-- Supplied records --
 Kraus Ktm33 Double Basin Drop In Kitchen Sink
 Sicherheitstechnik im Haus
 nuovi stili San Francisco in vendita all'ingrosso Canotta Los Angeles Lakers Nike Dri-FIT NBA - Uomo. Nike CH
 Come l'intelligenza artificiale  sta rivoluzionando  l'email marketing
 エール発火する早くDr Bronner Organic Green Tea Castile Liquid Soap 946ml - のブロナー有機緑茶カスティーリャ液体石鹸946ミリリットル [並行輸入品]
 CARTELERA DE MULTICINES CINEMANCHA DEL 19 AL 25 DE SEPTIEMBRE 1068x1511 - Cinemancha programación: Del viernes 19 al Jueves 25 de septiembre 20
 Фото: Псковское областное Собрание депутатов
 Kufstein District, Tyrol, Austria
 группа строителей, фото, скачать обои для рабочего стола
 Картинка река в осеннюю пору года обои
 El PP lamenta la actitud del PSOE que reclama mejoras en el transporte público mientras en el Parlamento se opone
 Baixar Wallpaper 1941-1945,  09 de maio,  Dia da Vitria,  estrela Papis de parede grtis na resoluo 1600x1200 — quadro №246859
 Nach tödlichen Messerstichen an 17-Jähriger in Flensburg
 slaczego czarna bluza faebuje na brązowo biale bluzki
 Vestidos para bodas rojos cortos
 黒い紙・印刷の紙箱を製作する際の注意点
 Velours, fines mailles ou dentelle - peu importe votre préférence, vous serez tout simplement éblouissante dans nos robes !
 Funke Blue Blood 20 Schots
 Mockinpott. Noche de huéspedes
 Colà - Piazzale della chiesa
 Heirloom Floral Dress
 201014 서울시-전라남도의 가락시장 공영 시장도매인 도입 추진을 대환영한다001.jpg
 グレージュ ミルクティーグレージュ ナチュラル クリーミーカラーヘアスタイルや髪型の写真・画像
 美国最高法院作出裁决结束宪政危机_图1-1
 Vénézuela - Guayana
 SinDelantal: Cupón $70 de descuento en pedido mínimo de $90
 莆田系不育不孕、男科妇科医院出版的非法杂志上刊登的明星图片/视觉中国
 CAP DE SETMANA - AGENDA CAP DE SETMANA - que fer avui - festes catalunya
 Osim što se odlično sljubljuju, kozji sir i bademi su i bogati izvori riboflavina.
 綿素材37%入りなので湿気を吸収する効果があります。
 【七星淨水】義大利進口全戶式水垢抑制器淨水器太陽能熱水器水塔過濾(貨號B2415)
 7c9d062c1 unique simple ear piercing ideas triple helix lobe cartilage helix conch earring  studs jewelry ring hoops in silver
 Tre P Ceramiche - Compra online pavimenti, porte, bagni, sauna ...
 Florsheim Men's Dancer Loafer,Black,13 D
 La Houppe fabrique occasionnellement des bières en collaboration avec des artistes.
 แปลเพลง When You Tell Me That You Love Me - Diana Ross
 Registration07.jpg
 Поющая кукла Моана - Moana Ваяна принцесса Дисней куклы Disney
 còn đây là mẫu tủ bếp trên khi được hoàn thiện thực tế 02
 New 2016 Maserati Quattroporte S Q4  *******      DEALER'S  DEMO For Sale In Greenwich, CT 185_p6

-- What to do --
For this task, please set down every entry exactly, with no line left out.

-- The answer --
 Kraus Ktm33 Double Basin Drop In Kitchen Sink
 Sicherheitstechnik im Haus
 nuovi stili San Francisco in vendita all'ingrosso Canotta Los Angeles Lakers Nike Dri-FIT NBA - Uomo. Nike CH
 Come l'intelligenza artificiale  sta rivoluzionando  l'email marketing
 エール発火する早くDr Bronner Organic Green Tea Castile Liquid Soap 946ml - のブロナー有機緑茶カスティーリャ液体石鹸946ミリリットル [並行輸入品]
 CARTELERA DE MULTICINES CINEMANCHA DEL 19 AL 25 DE SEPTIEMBRE 1068x1511 - Cinemancha programación: Del viernes 19 al Jueves 25 de septiembre 20
 Фото: Псковское областное Собрание депутатов
 Kufstein District, Tyrol, Austria
 группа строителей, фото, скачать обои для рабочего стола
 Картинка река в осеннюю пору года обои
 El PP lamenta la actitud del PSOE que reclama mejoras en el transporte público mientras en el Parlamento se opone
 Baixar Wallpaper 1941-1945,  09 de maio,  Dia da Vitria,  estrela Papis de parede grtis na resoluo 1600x1200 — quadro №246859
 Nach tödlichen Messerstichen an 17-Jähriger in Flensburg
 slaczego czarna bluza faebuje na brązowo biale bluzki
 Vestidos para bodas rojos cortos
 黒い紙・印刷の紙箱を製作する際の注意点
 Velours, fines mailles ou dentelle - peu importe votre préférence, vous serez tout simplement éblouissante dans nos robes !
 Funke Blue Blood 20 Schots
 Mockinpott. Noche de huéspedes
 Colà - Piazzale della chiesa
 Heirloom Floral Dress
 201014 서울시-전라남도의 가락시장 공영 시장도매인 도입 추진을 대환영한다001.jpg
 グレージュ ミルクティーグレージュ ナチュラル クリーミーカラーヘアスタイルや髪型の写真・画像
 美国最高法院作出裁决结束宪政危机_图1-1
 Vénézuela - Guayana
 SinDelantal: Cupón $70 de descuento en pedido mínimo de $90
 莆田系不育不孕、男科妇科医院出版的非法杂志上刊登的明星图片/视觉中国
 CAP DE SETMANA - AGENDA CAP DE SETMANA - que fer avui - festes catalunya
 Osim što se odlično sljubljuju, kozji sir i bademi su i bogati izvori riboflavina.
 綿素材37%入りなので湿気を吸収する効果があります。
 【七星淨水】義大利進口全戶式水垢抑制器淨水器太陽能熱水器水塔過濾(貨號B2415)
 7c9d062c1 unique simple ear piercing ideas triple helix lobe cartilage helix conch earring  studs jewelry ring hoops in silver
 Tre P Ceramiche - Compra online pavimenti, porte, bagni, sauna ...
 Florsheim Men's Dancer Loafer,Black,13 D
 La Houppe fabrique occasionnellement des bières en collaboration avec des artistes.
 แปลเพลง When You Tell Me That You Love Me - Diana Ross
 Registration07.jpg
 Поющая кукла Моана - Moana Ваяна принцесса Дисней куклы Disney
 còn đây là mẫu tủ bếp trên khi được hoàn thiện thực tế 02
 New 2016 Maserati Quattroporte S Q4  *******      DEALER'S  DEMO For Sale In Greenwich, CT 185_p6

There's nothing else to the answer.